CentOS 6のApacheの標準設定では、エラーメッセージにOS名やApacheのバージョンの情報などが表示されます。ただ、これだとOSやWebサーバーに何を使っているかを他の人に教えることになってしまい、セキュリティ的に好ましくありません。そこで、これらの情報を表示しないように設定を変えます。手順は次の通りです。

 

①「sudo nano /etc/httpd/conf/httpd.conf」のコマンドを実行して、httpd.confファイルを編集する状態にします。

②Ctrl+wキーを押して検索する状態にし、「ServerTokens」のキーワードで検索します。

③見つかった行の最後にある「OS」を「Prod」に書き換えます。

④Ctrl+wキーを押して検索する状態にし、「ServerSignature」のキーワードで検索します。

⑤見つかった行の最後にある「On」を「Off」に書き換えます。

 

なお、この後でTRACEメソッドの無効化も設定しますので、nanoは起動したままの状態にしておきます。

 

・TRACEメソッドの無効化

HTTPのメソッドの一つに、「TRACE」というものがあります。TRACEメソッドが有効になっていると、「クロスサイトトレーシング」(XST)という攻撃を行われる可能性があります。
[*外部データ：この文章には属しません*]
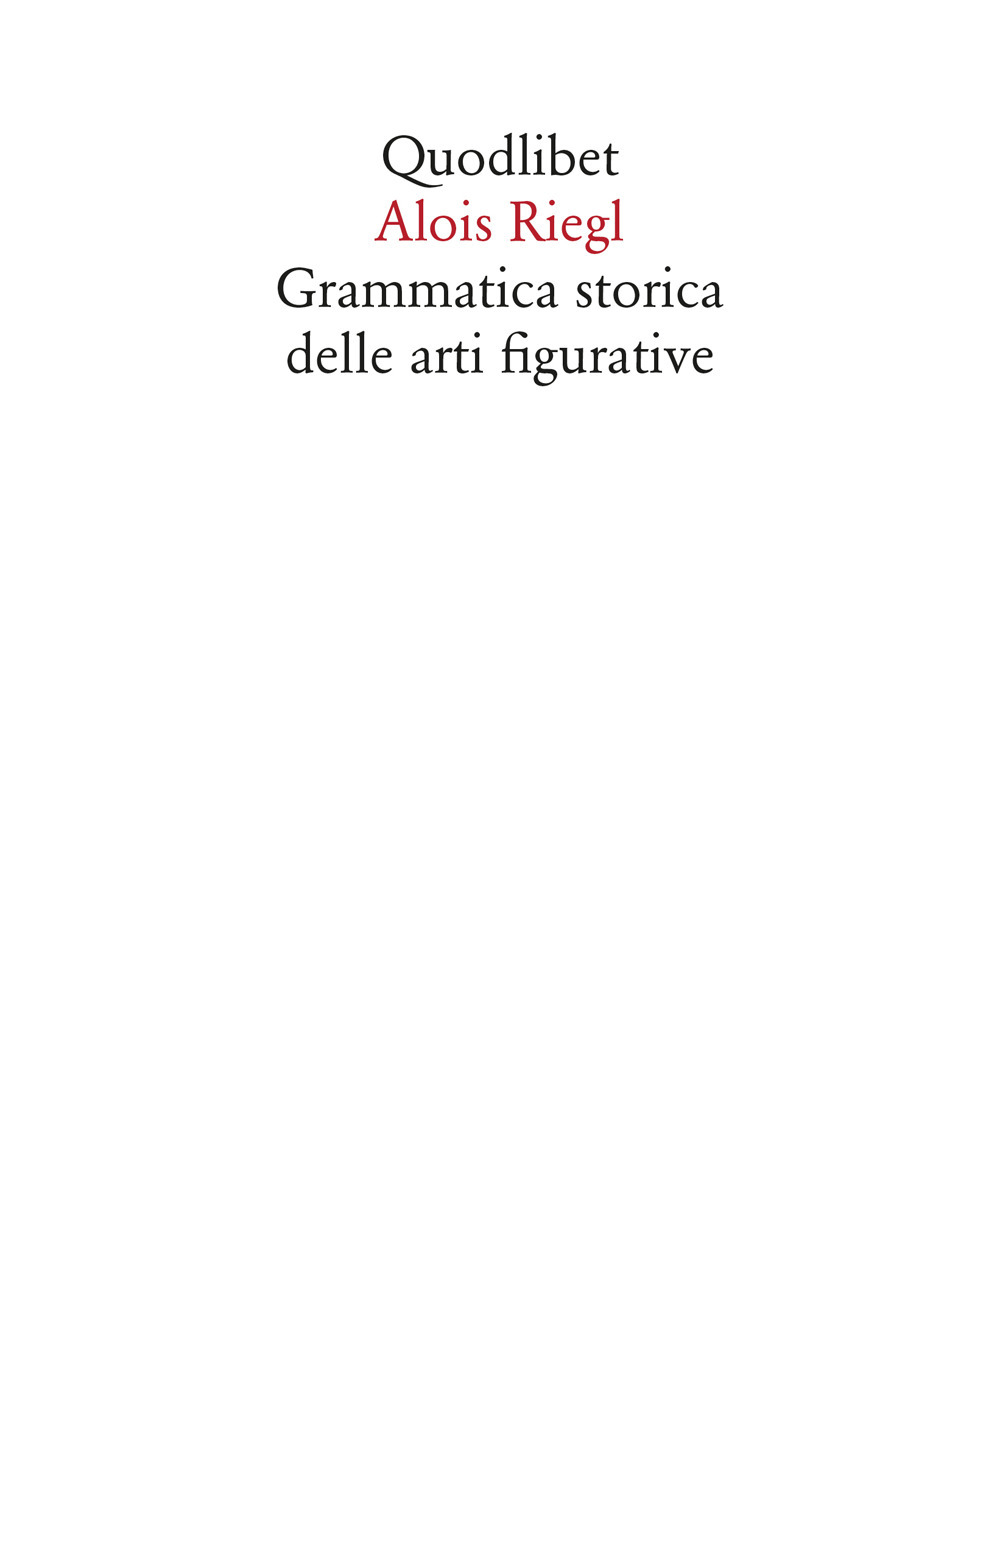 Image of Grammatica storica delle arti figurative

現在のWebブラウザではXST対策がされていますので、よほど古いWebブラウザでアクセスされない限り、XSTが発生することはありません。しかし、念のためにApache側でTRACEメソッドを無効化しておきます。手順は以下の通りです。

 

①httpd.confの最後の行までスクロールします。

②次の行を追加します。

リスト TRACEメソッドの無効化

TraceEnable off

 

・Apacheの再起動

上記2つの設定が終わったら、httpd.confファイルを保存して、nanoを終了します。そして、「sudo service httpd restart」のコマンドを実行して、Apacheを再起動します。

 

 

■PHPのエラー表示の設定

PHPで作られたWebアプリケーションを実行する際に、エラーが発生することがあります。例えば、必要なモジュールがインストールされていないと、「モジュールがない」というようなエラーが発生します。

以前の回でPHPのインストール手順を解説しましたが、その回の方法をとると、PHPのエラーメッセージは表示されない設定になっています。セキュリティ的に、エラー発生時にメッセージがいろいろと表示されるのは好ましくないので、そのような設定になっているわけです。

ただ、これではどこでどういったエラーが発生しているのかが分かりませんので、問題解決の糸口がつかめません。

PHPのエラーを表示するには、php.iniファイルの中の「display_errors」の設定を書き換える方法があります。ただ、この方法だPHPのどのページでもエラー表示がオンになってしまい、セキュリティ的に好ましくありません。

そこで、.htaccessファイルを利用して、エラーが発生するWebアプリケーションのディレクトリだけ、一時的にエラーを表示するように設定すると良いでしょう。それには、対象のディレクトリに、次のような.htaccessファイルを設置します。

 

リスト PHPのエラーを表示する

php_flag display_errors On

 

また、対象のディレクトリにすでに.htaccessファイルがある場合は、その先頭に前の記述を追加します。

なお、エラーが解決したら、.htaccessファイルから前述の行を削除して、エラーメッセージを表示しない状態に戻します。